Task goal:
Please give back the listing exactly, without any of its pictures.

Given material:
──────────────────────────────
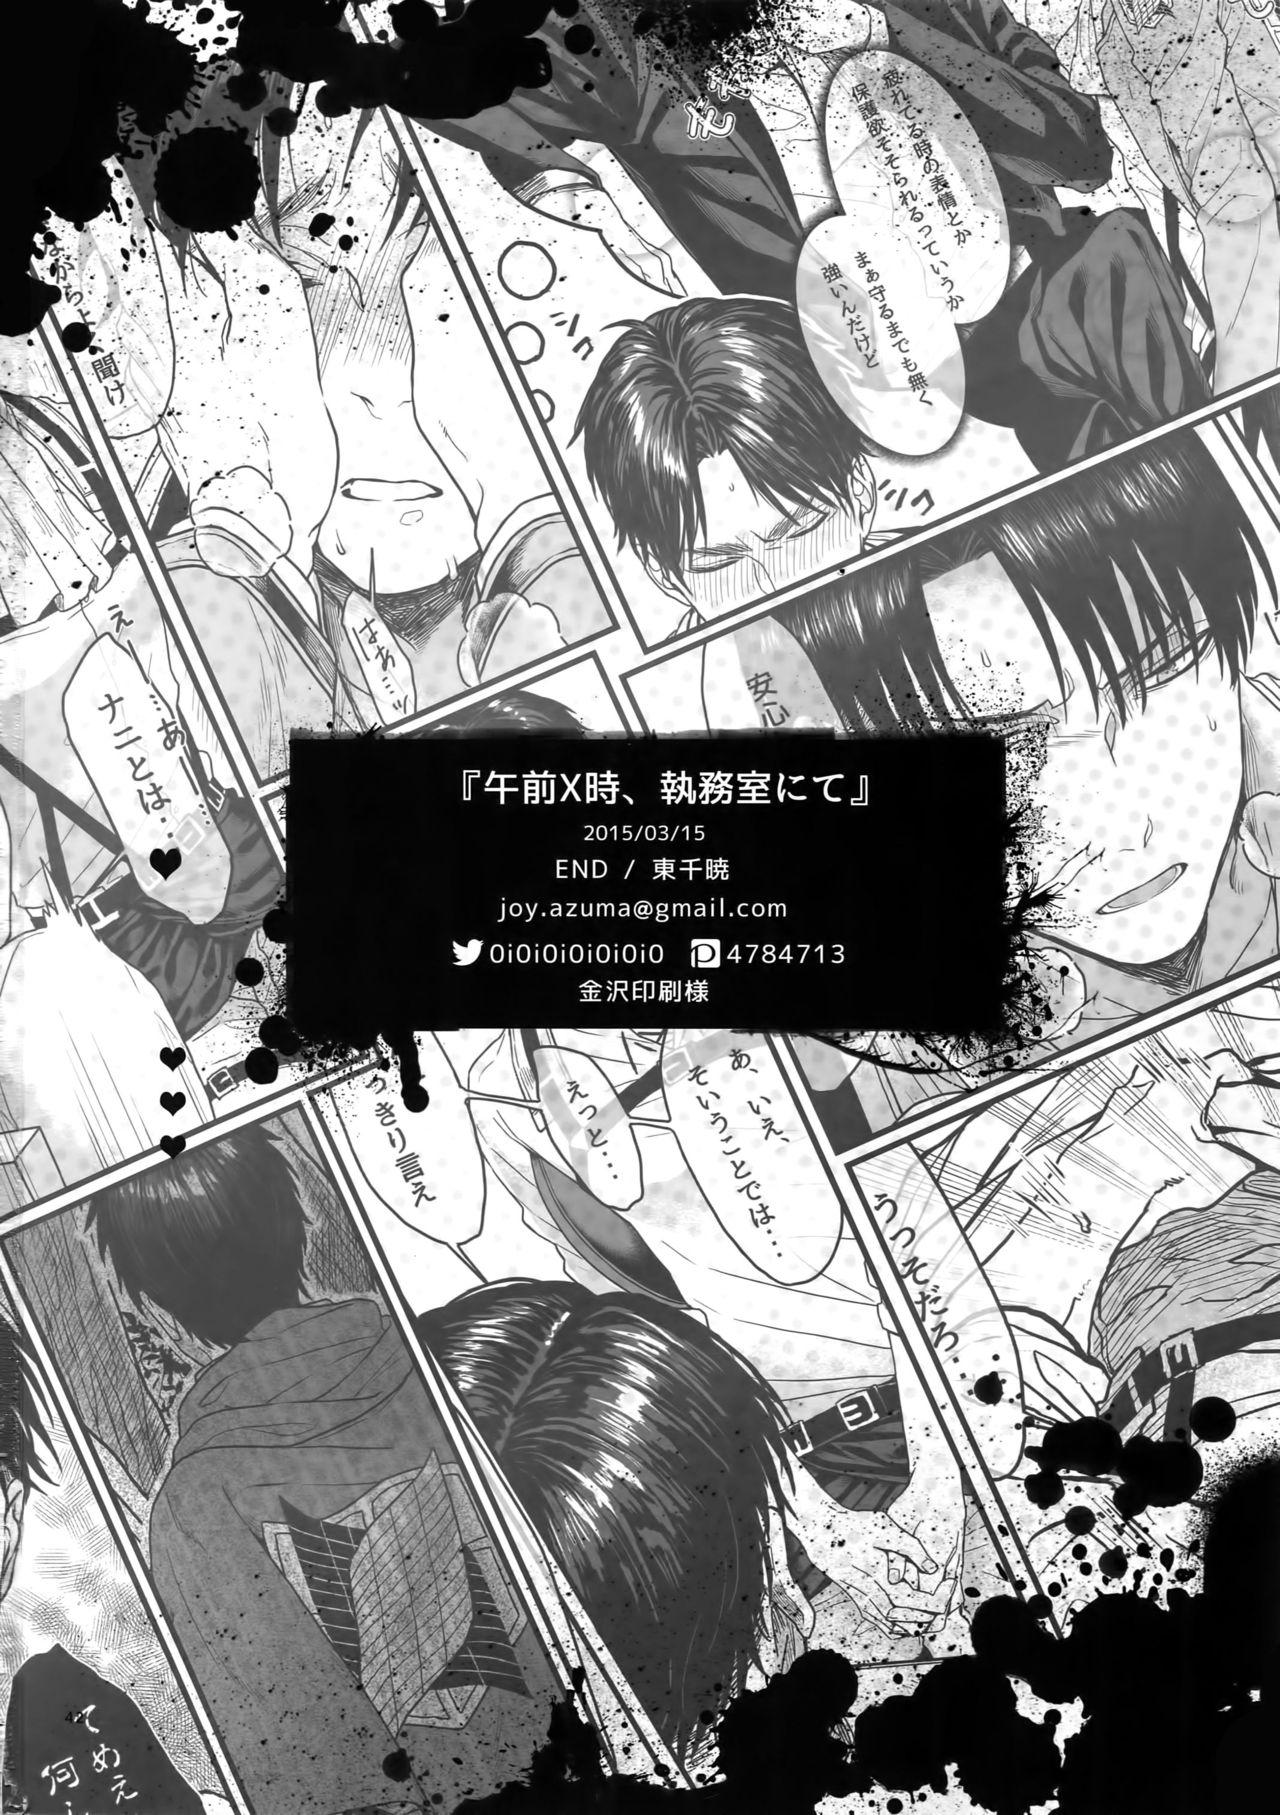 Gozen X-ji, Shitsumushitsu nite 40
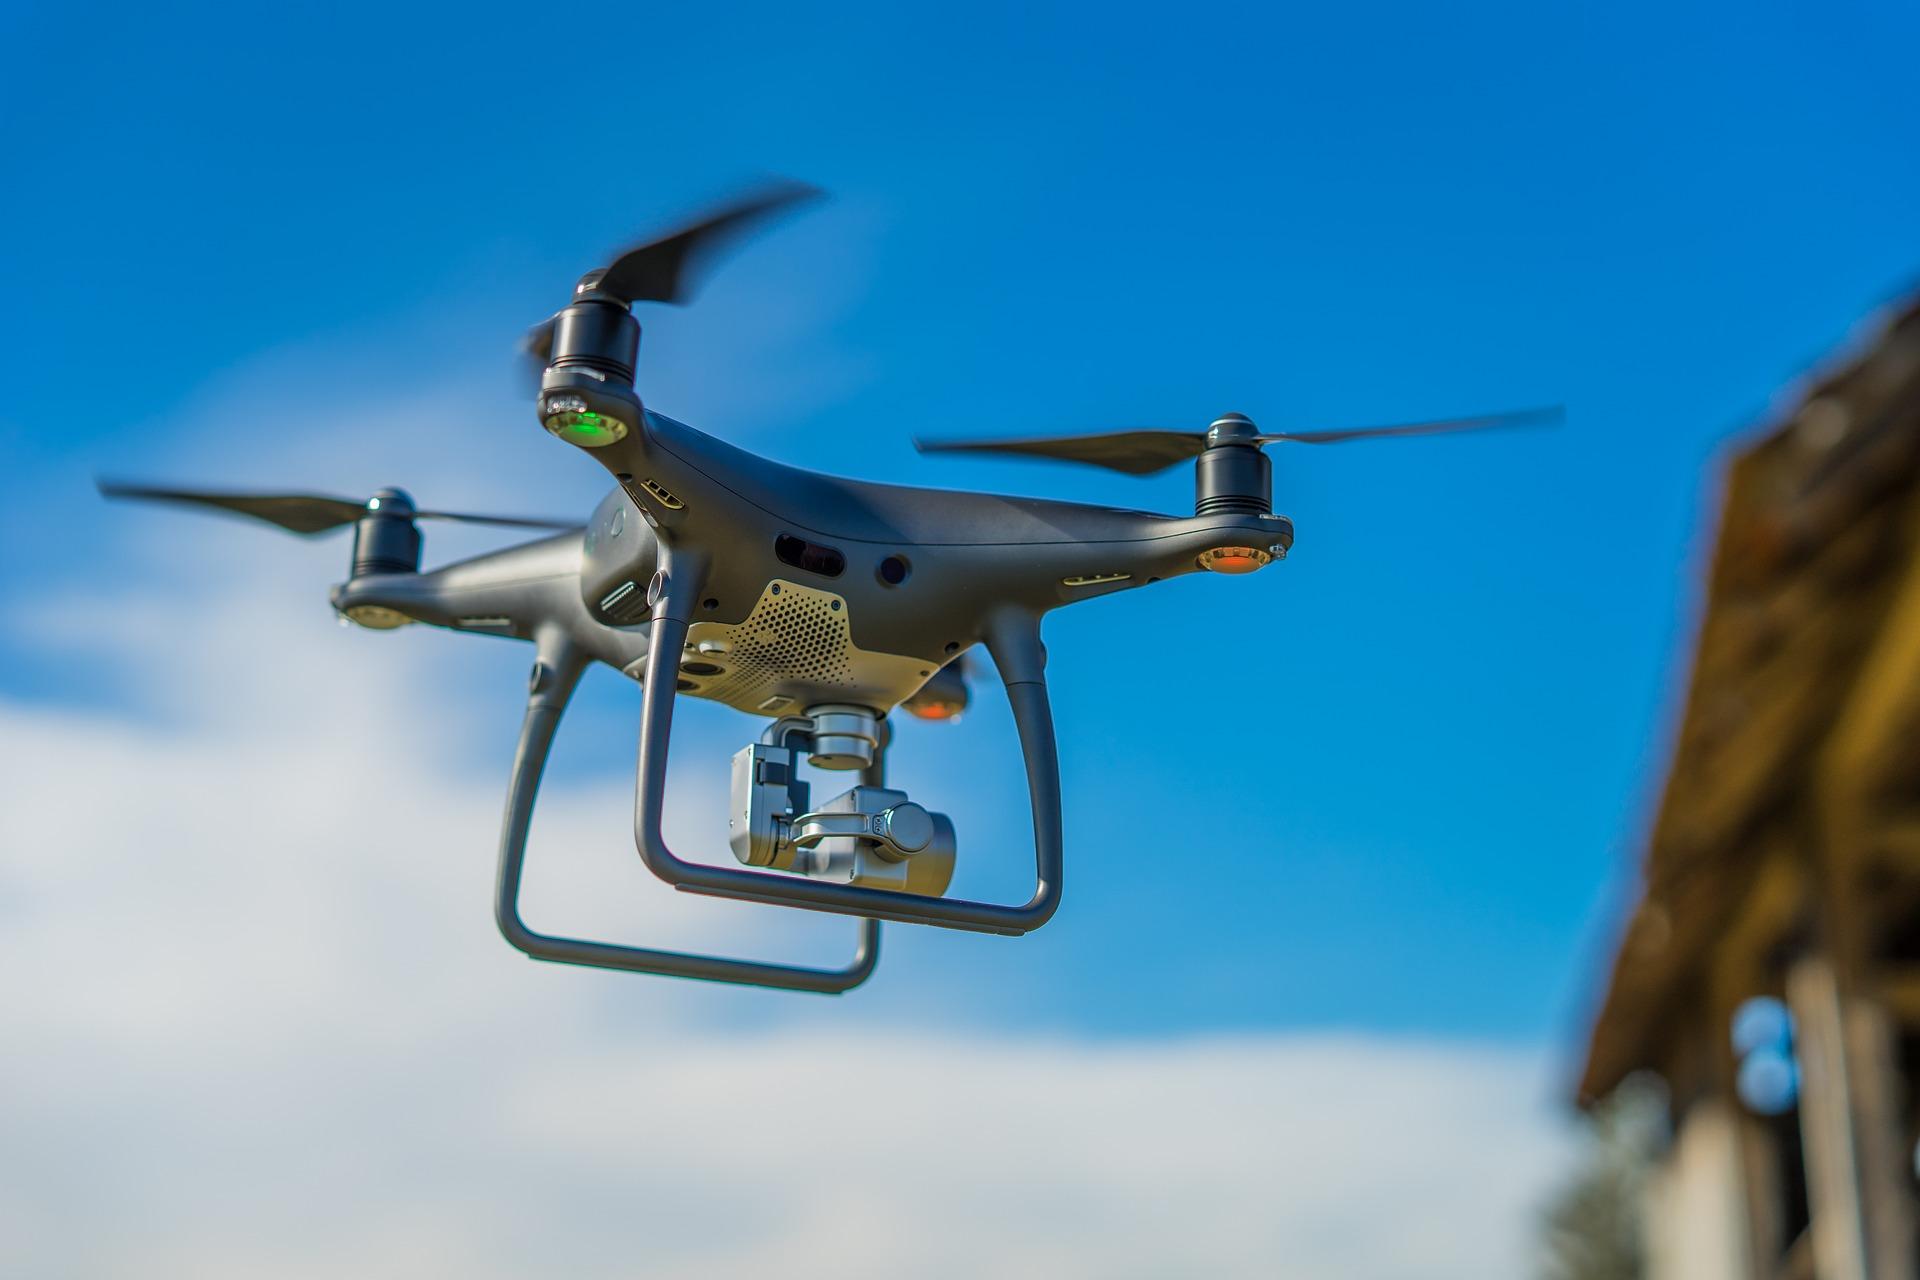 Image de l'article : Aux USA, l'immatriculation des drones est désormais obligatoire
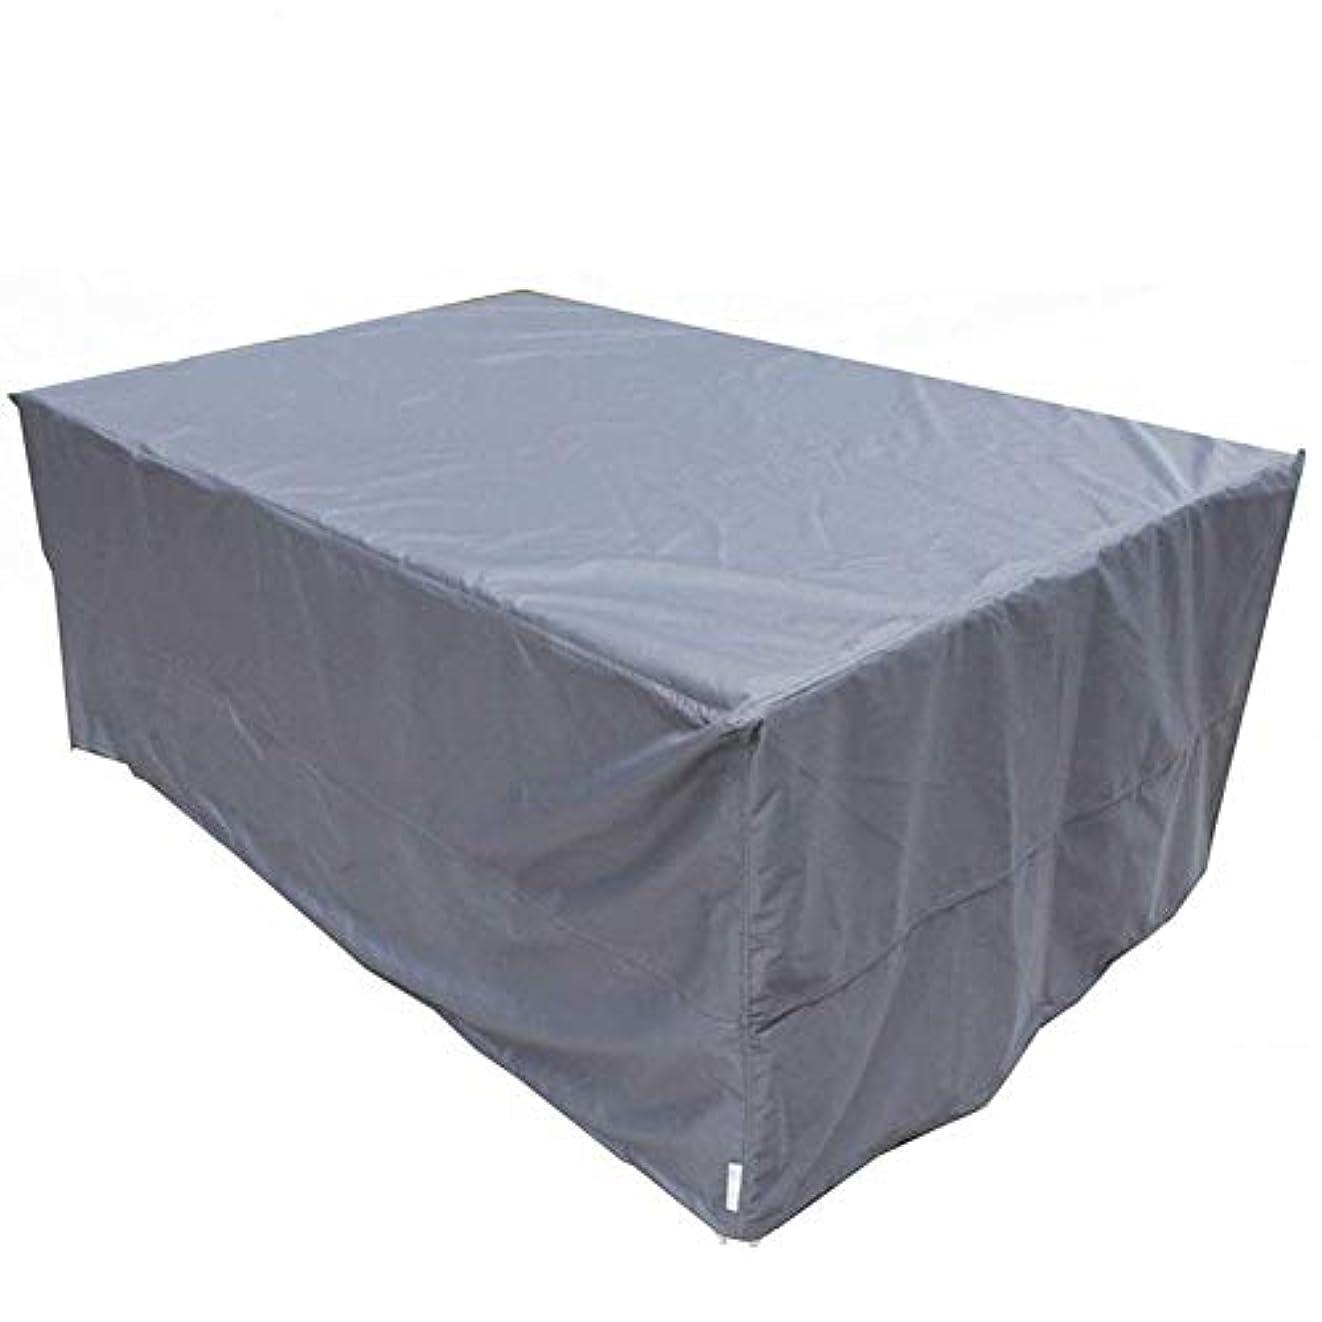 無法者インセンティブセッションLixingmingqi 屋外カメラカバー防塵防風保護カバー防水4ピースセット
──────────────────────────────
Response for this exercise:
 Gozen X-ji, Shitsumushitsu nite 40
 Image de l'article : Aux USA, l'immatriculation des drones est désormais obligatoire
 無法者インセンティブセッションLixingmingqi 屋外カメラカバー防塵防風保護カバー防水4ピースセット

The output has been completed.